__Action item__. Skip the pictures and write out, word for word, the lines below from the one with "we have added" through the one with "Unacknowledged: The Possible", inclusive.

__Exercise data__.
====

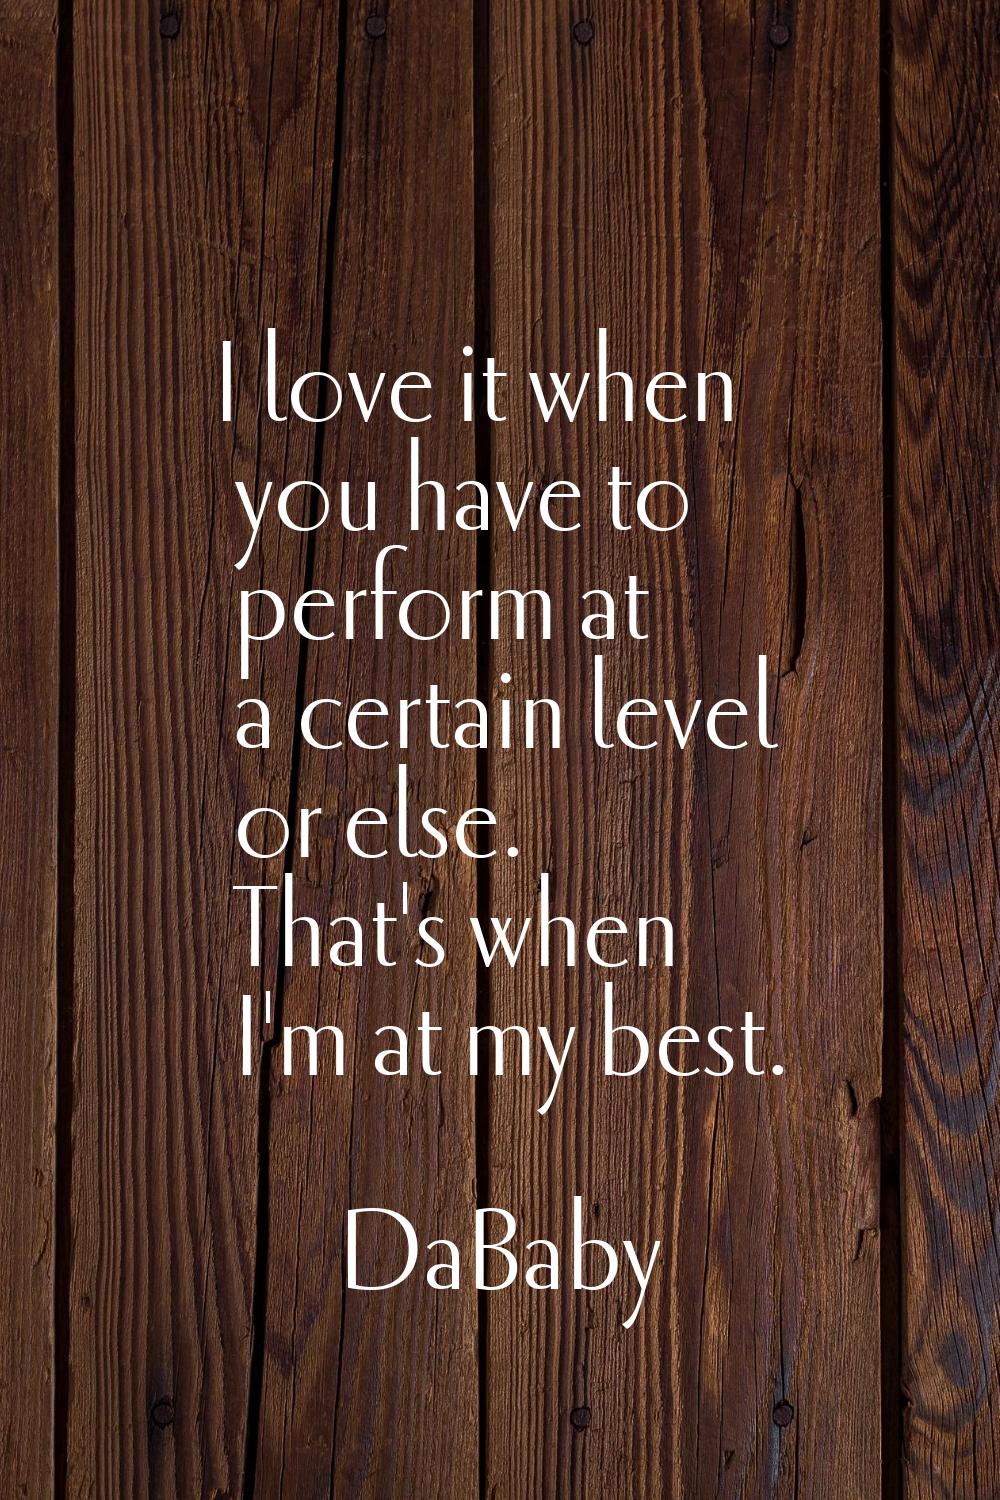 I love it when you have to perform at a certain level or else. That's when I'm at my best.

====

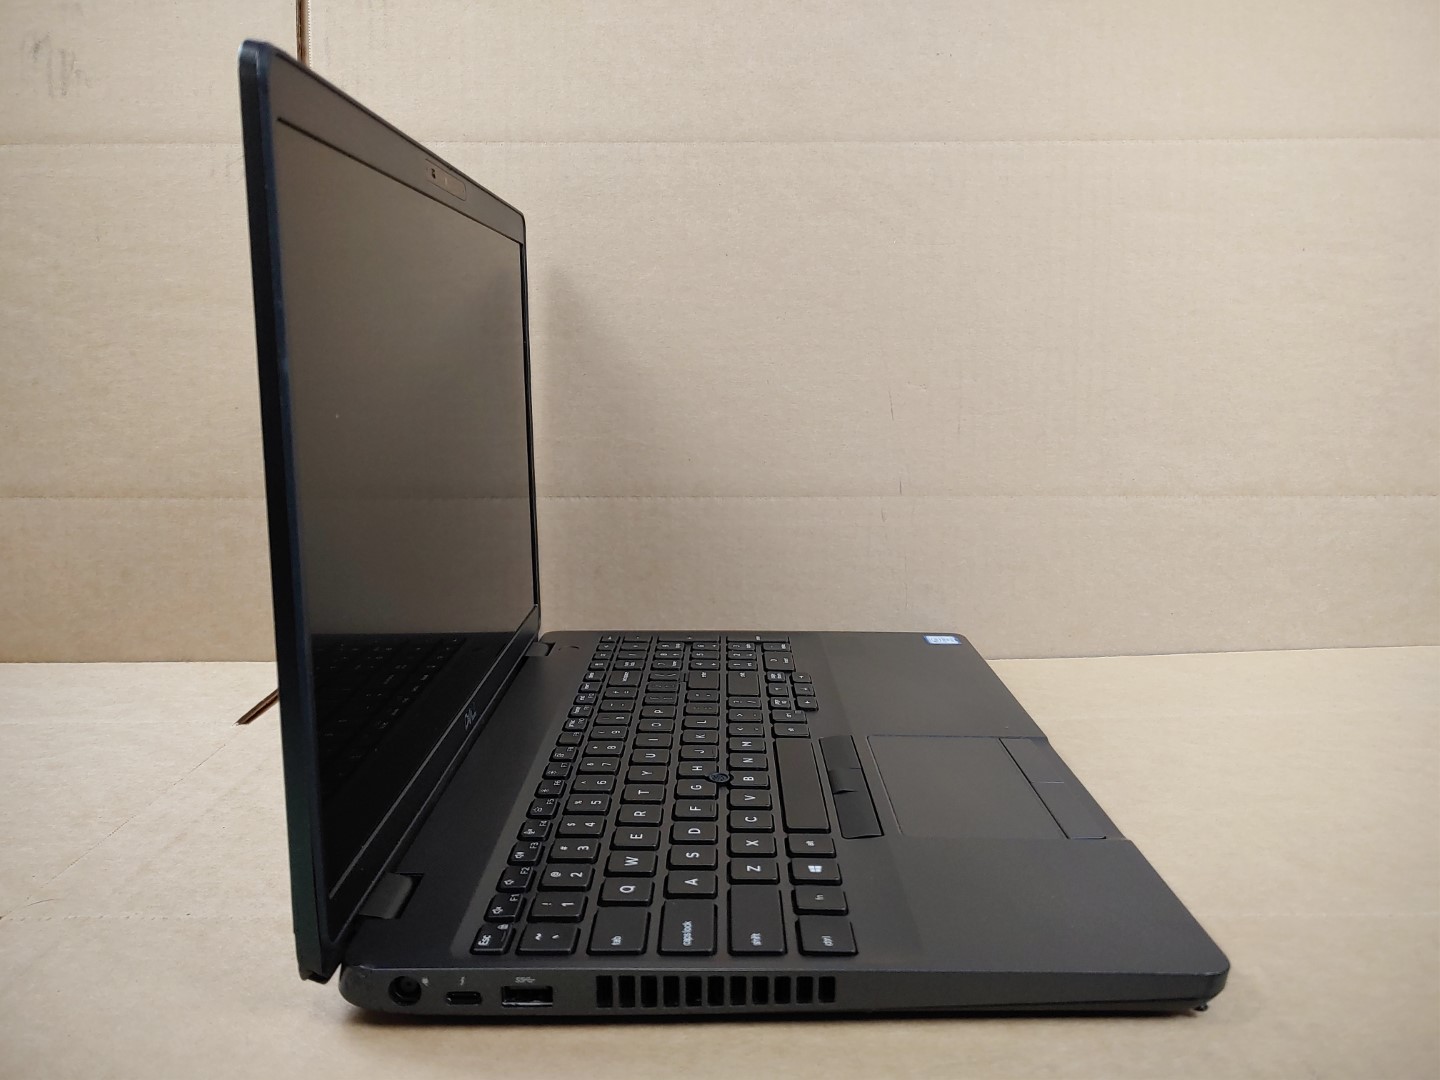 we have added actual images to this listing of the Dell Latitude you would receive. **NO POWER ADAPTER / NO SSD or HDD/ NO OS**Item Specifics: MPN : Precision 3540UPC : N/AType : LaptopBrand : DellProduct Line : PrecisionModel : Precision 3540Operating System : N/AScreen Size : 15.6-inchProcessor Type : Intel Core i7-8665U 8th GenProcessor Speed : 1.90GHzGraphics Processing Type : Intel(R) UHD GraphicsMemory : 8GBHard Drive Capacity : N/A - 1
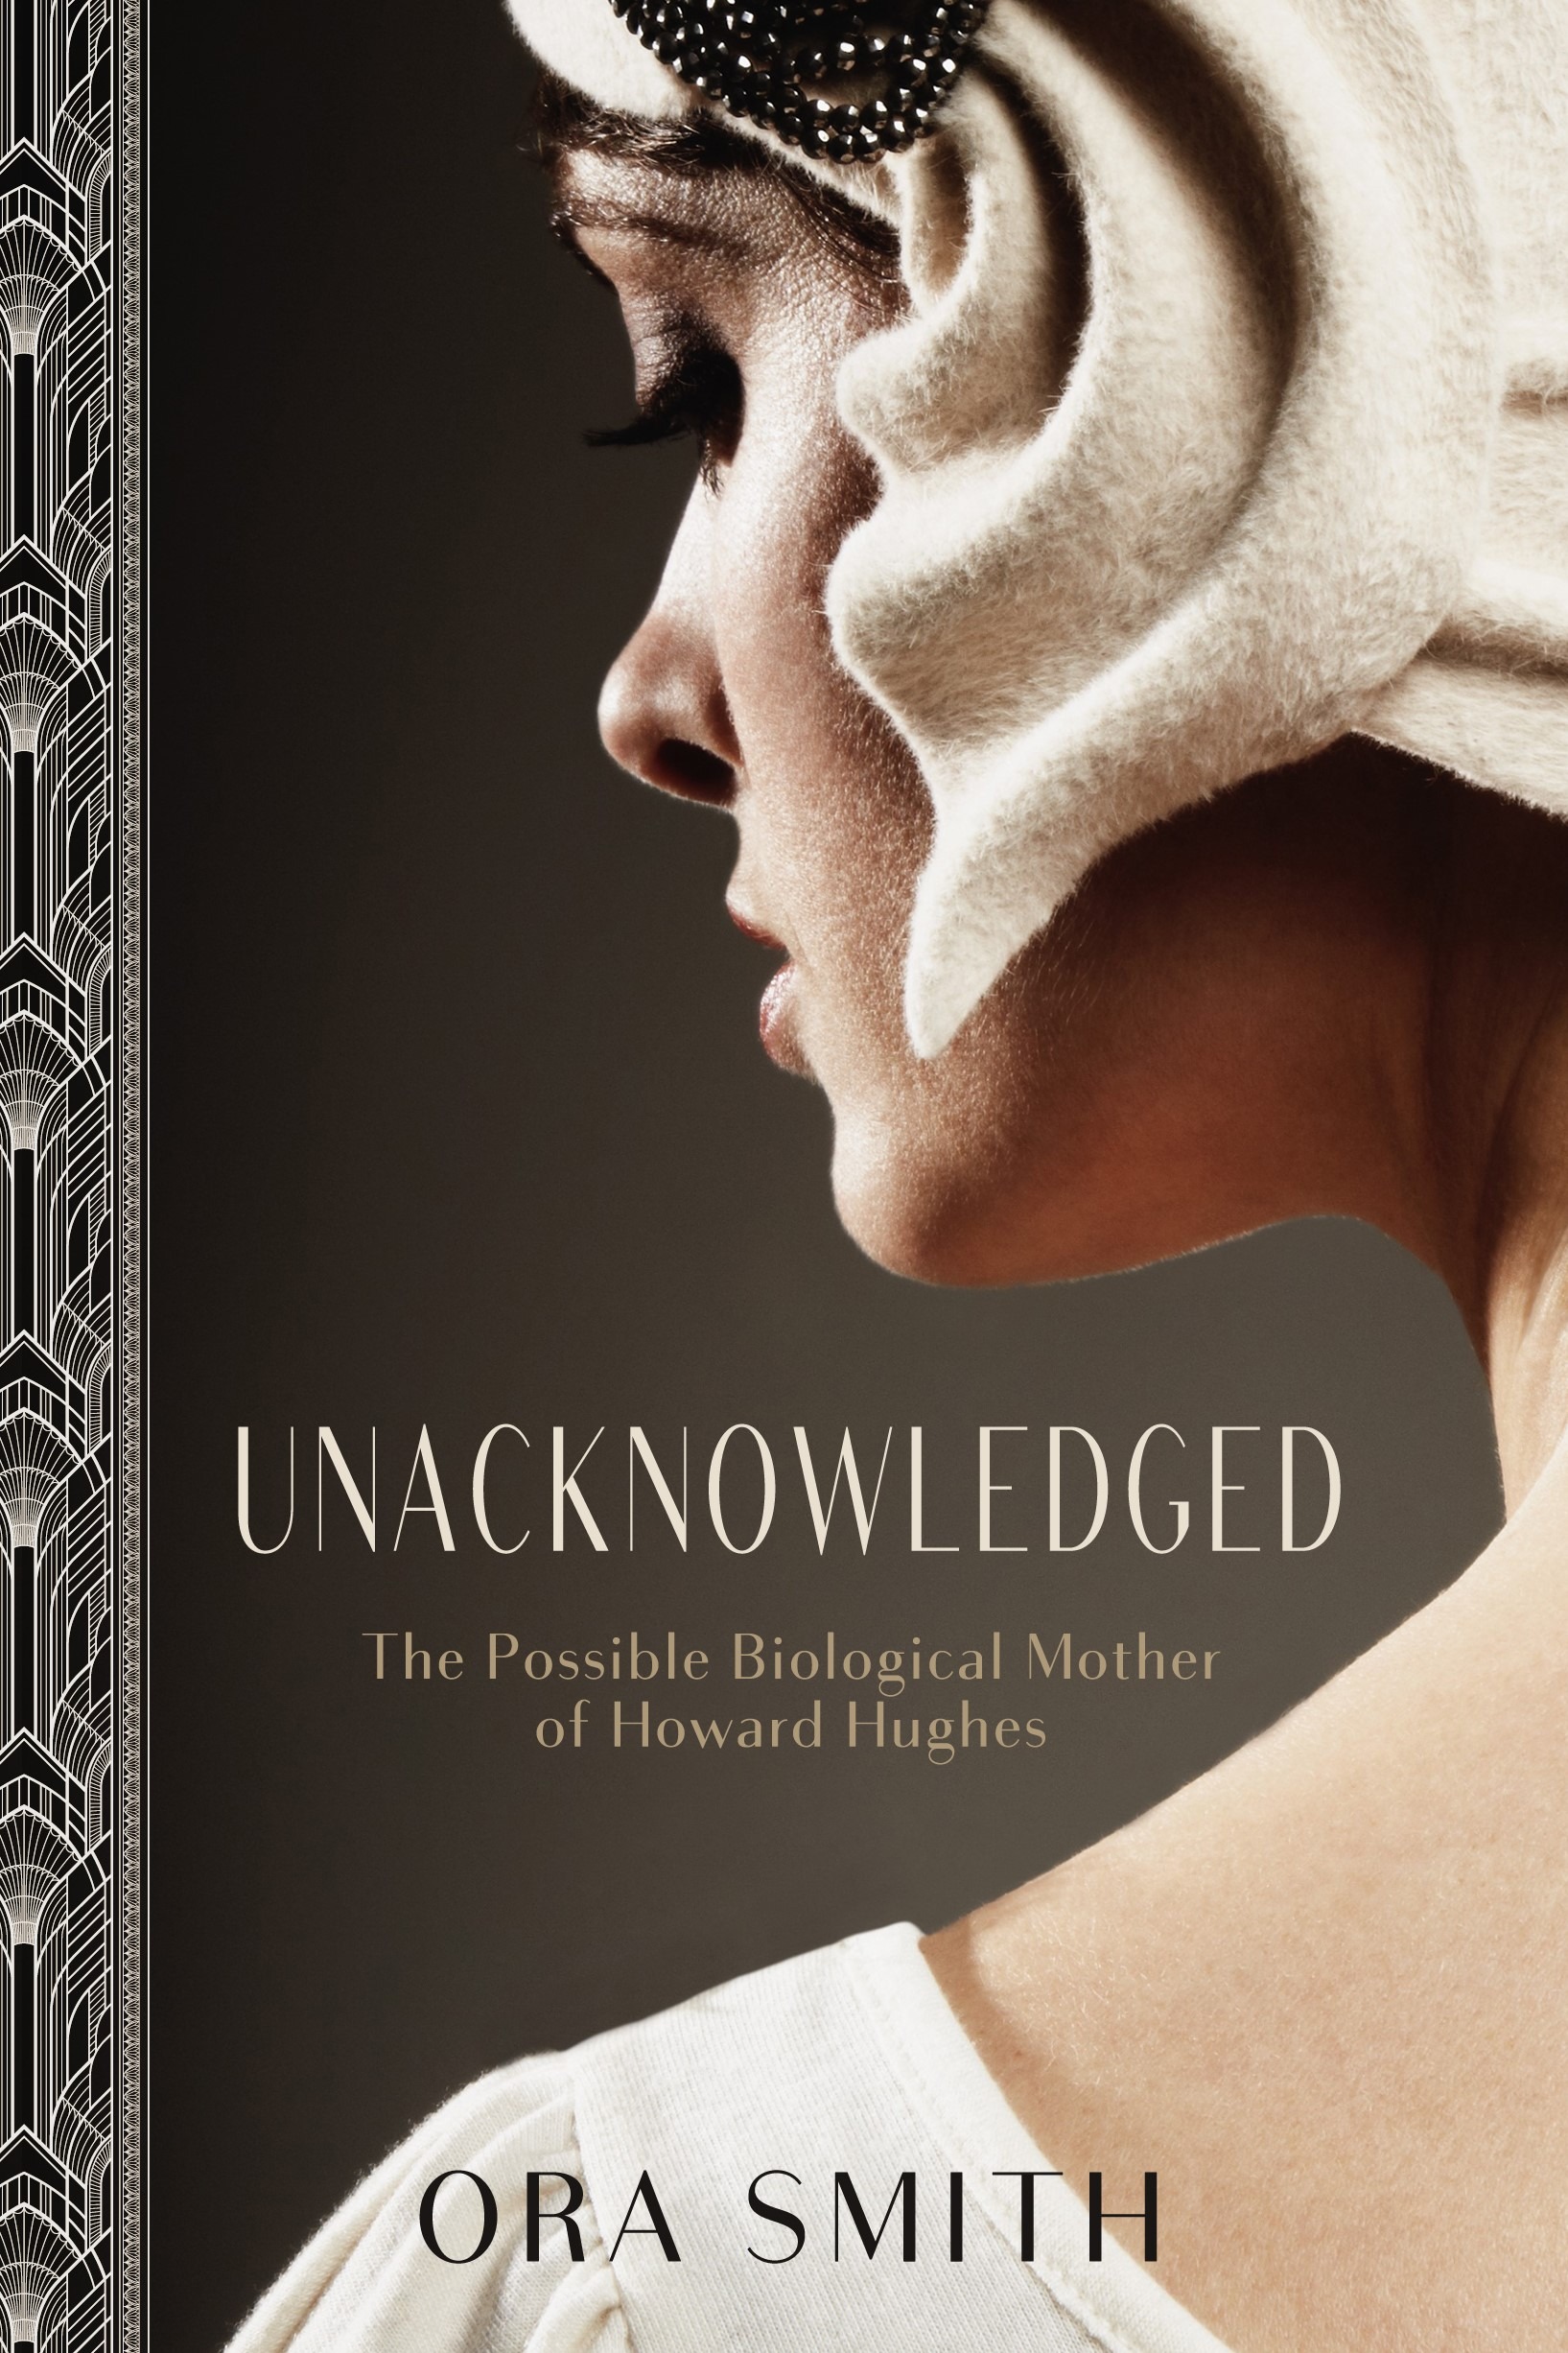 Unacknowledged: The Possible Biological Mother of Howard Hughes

====

__Your response__.
 we have added actual images to this listing of the Dell Latitude you would receive. **NO POWER ADAPTER / NO SSD or HDD/ NO OS**Item Specifics: MPN : Precision 3540UPC : N/AType : LaptopBrand : DellProduct Line : PrecisionModel : Precision 3540Operating System : N/AScreen Size : 15.6-inchProcessor Type : Intel Core i7-8665U 8th GenProcessor Speed : 1.90GHzGraphics Processing Type : Intel(R) UHD GraphicsMemory : 8GBHard Drive Capacity : N/A - 1
 Unacknowledged: The Possible Biological Mother of Howard Hughes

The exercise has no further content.